This discussion has been locked.
You can no longer post new replies to this discussion. If you have a question you can start a new discussion

Inline Assembler 64 bit addition?

I was at first very happy to see that with ARMCC 5 now inline assembler works with the thumb mode of Cortex M4.

Just I fail to program an efficient inline assembler routine for 64 bit addition (later I want to do overflow checking, therefore I need inline assembly).

If I use the following function in C++:

__forceinline int satAdd( int a, int b){
  int c;
  __asm{
    ADDS c, a, b
  }
  return c;
}


This generates very nice and compact code (just one assembly line, as expected).

But I have no glue how to do this with 64 bit.

In GNU CC inline assembler, this would be very easy:

  ADDS %2, %1, %0
  ADCS %d2, %d1, %d0

I am frightened there is no possibility to access the upper register of a "64 bit register double" in Keil C++? (like "%d2"?)

(Even accessing the lower register of the "register doubles" seems to be impossible, as the Keil inline assembler seems to do type checking for the variables in the assembly part - so not possible to just use the "64 bit variable" in a ADDS command).

Further the inline assembler crashes, if I try to check the overflow flag with BVS / BVC (BEQ/ BNE/ BCS/ BCC /BMI / BPL all work ...).

SOS - I hope somebody can help here?

Parents Reply Children
  • Inline indeed would be very helpful, because this 64-bit addition consists only of 2 assembly commands (If I add the BVS checking, then 3), so it is just too short for a function branching.

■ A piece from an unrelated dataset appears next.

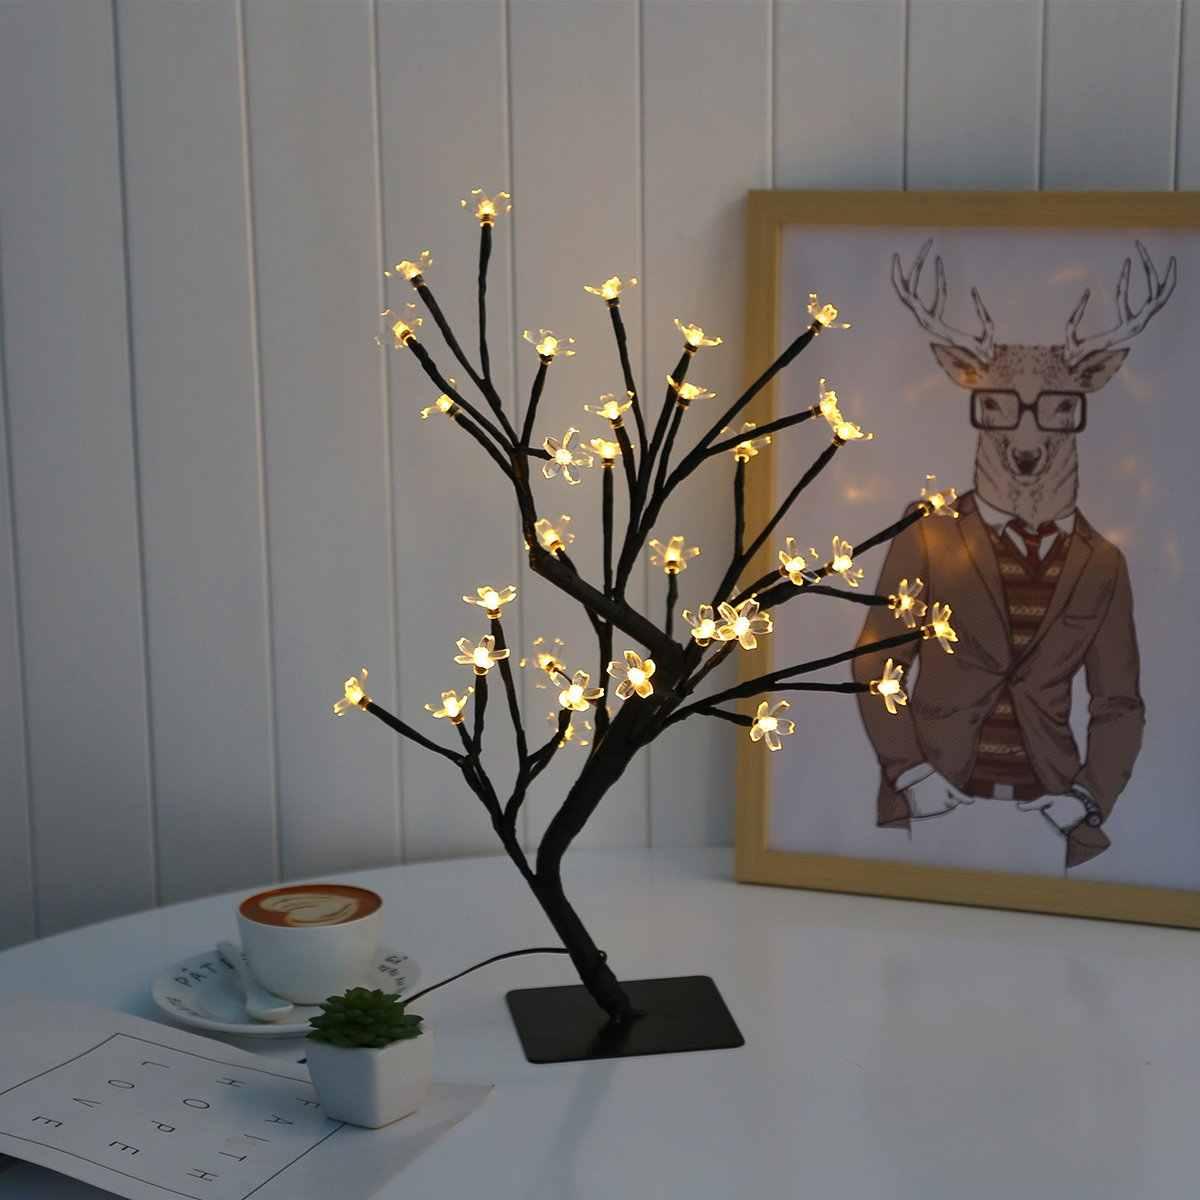 18 Inch Cherry Blossom Bonsai Tree 48 Led Lights Warm White Lights Ideal As Night Lights Home Gift Idea Night Lights Aliexpress

    With a good inline assembler support, this can be done very fast.

    If I do it in an assembly function (I just try to use the "embedded assembly" feature - thus declaring an assembly function in my c++ module), then it principally now works with the following code:

    __asm long long addSat( long long a, long long b) {
            ADDS R0, R0, R2
            ADCS R1, R1, R3
            BVC AllOk
            BMI Oflw
                                                    // underflow into pos. number range: limit to 0x8000...
            MOV R0, #0
            MOV R1, #1
            LSLS R1, R1, #31
            B AllOk
    Oflw
                                                    // overflow into neg. number range: limit to 0x7FFFF...
            MOV R0, #0
            SUBS R0, #1
            LSRS R1, R0, #1
    AllOk
            BX LR
    }
    

    Just, if the addition does not overflow, this is a terrible spoiling of processor time. The processor will at least need two branches (branch into function and return of function). If we count only this, then we have 2-4 cycles overhead for this 3-cycle addition - so an overhead of about 100%.

    If we take into account, that the compiler also needs some further work to "force" the variables into r0-r1 and r2-r3, then the overhead will be much larger. Also, if we take into account, that branching usually spoils quite a bit of additional time for a modern processor with prefetch queue.

    This is really annoying, if you want to do saturation-safe addition at several times in a time critical loop. (Inline assembly usually would handle this MUCH more smart).